**PROBLEM TO SOLVE**:
Every line in the listing below from the one with "DM757 Cambro Polypropylene" through the one with "Sports mens jacket" is to be reproduced exactly, both ends included; leave out the rest.

**EXTRACTED MATERIAL**:
----

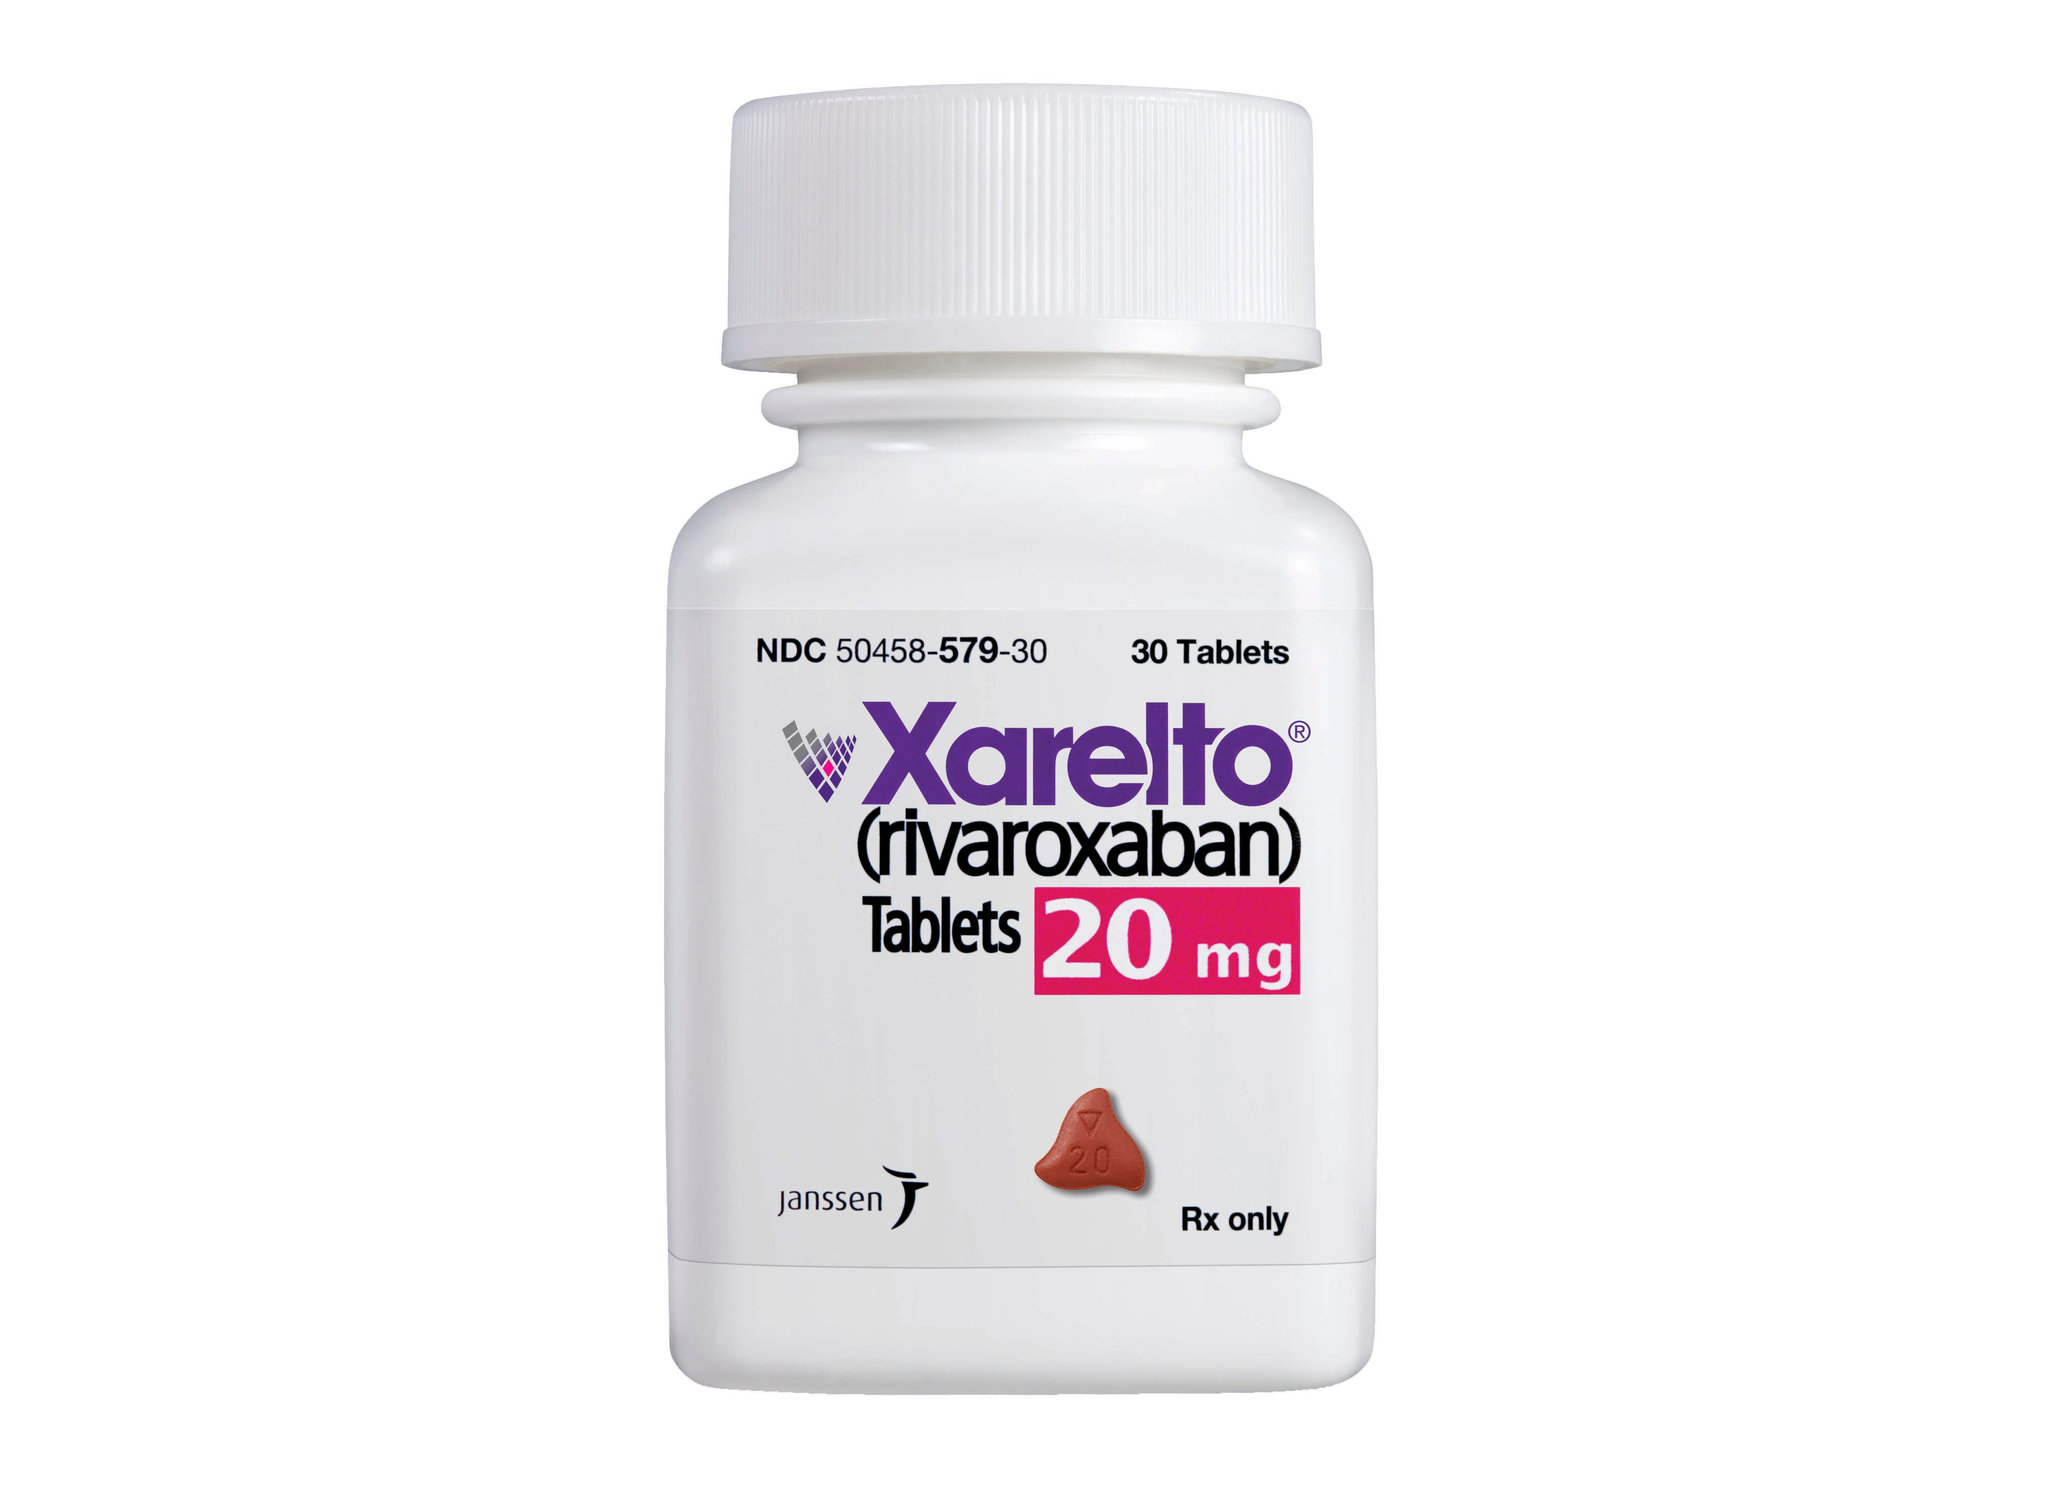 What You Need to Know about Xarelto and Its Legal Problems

----

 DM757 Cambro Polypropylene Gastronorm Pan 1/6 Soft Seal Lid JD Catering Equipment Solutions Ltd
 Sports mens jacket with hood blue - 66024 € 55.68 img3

----

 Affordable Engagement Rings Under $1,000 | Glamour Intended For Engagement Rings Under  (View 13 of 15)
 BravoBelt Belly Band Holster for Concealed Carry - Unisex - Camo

----

**EXERCISE RESPONSE**:
 DM757 Cambro Polypropylene Gastronorm Pan 1/6 Soft Seal Lid JD Catering Equipment Solutions Ltd
 Sports mens jacket with hood blue - 66024 € 55.68 img3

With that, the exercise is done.